_PROBLEM TO SOLVE_
Return the data below exactly as given, except for the images.

START INFORMATION SHOWN

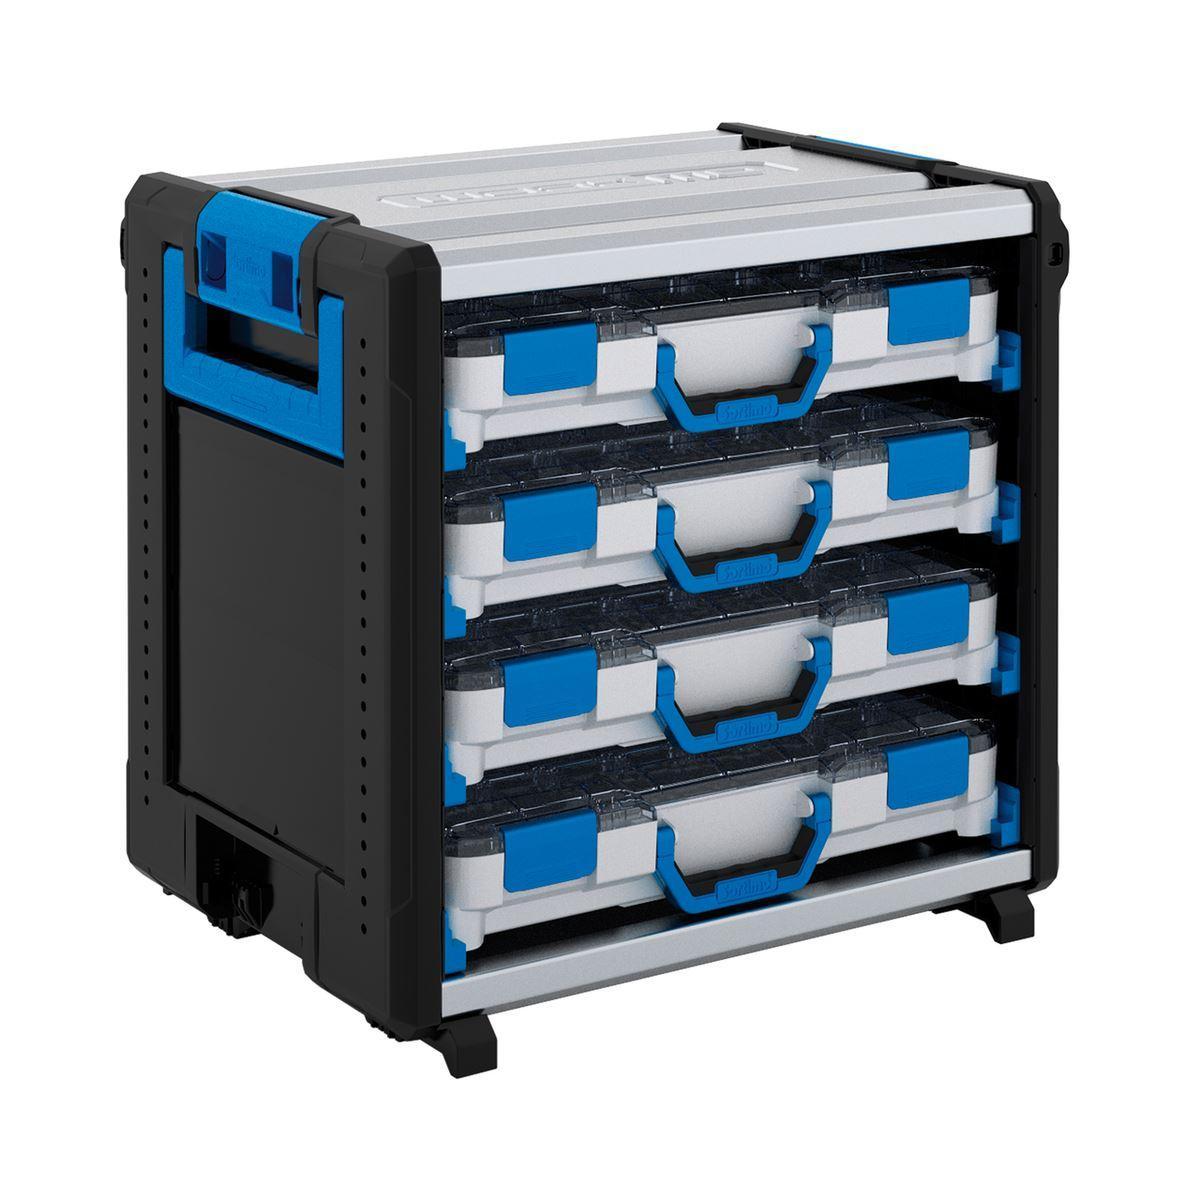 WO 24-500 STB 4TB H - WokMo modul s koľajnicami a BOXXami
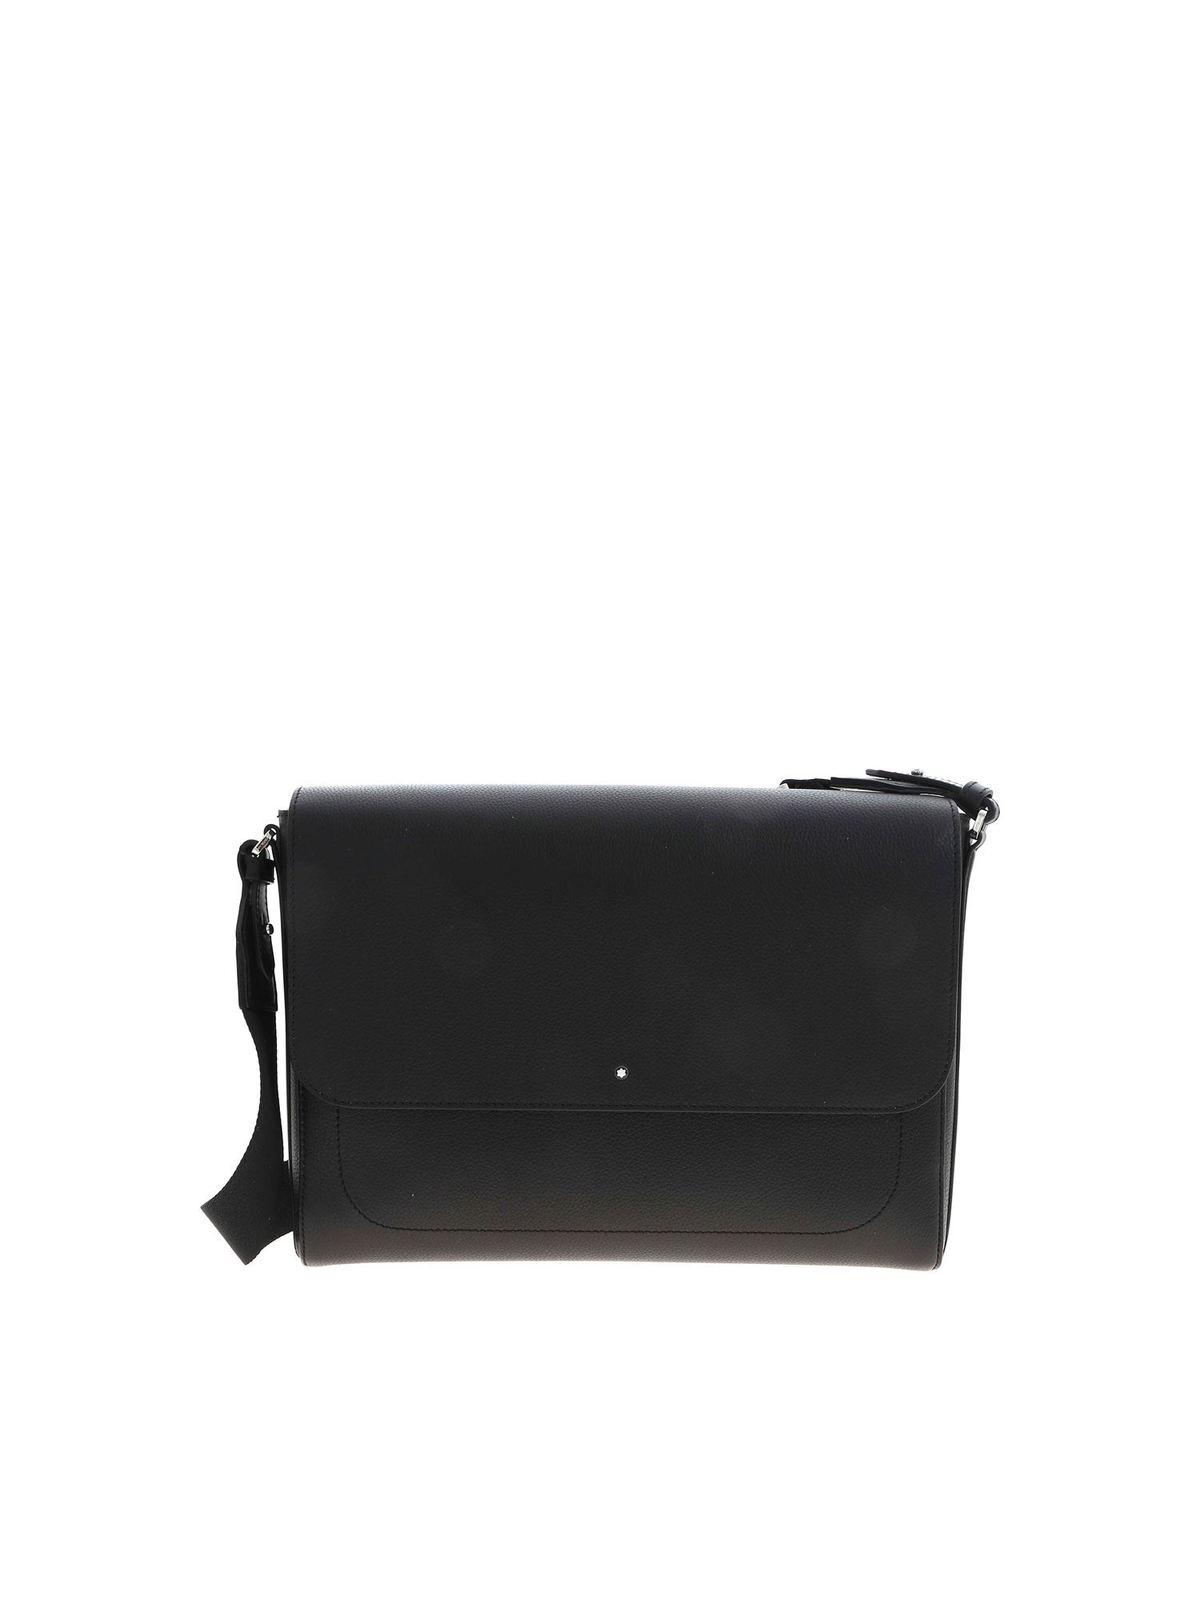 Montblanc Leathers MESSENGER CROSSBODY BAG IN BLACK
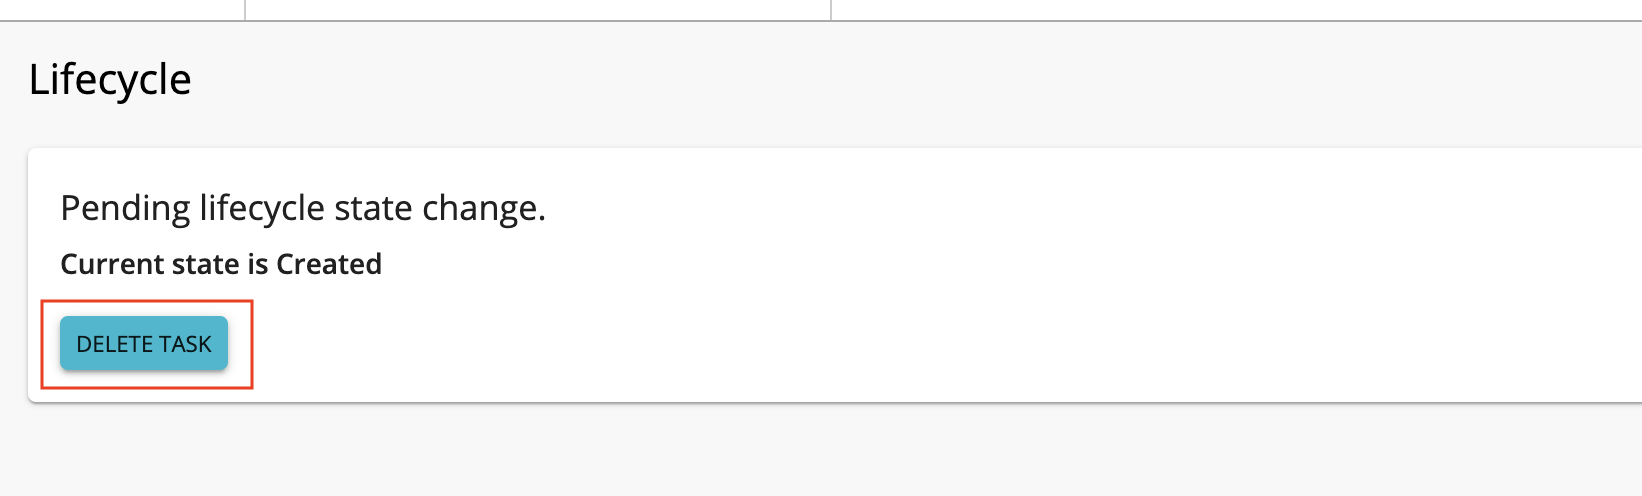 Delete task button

END INFORMATION SHOWN

_RESPONSE BELOW_
 WO 24-500 STB 4TB H - WokMo modul s koľajnicami a BOXXami
 Montblanc Leathers MESSENGER CROSSBODY BAG IN BLACK
 Delete task button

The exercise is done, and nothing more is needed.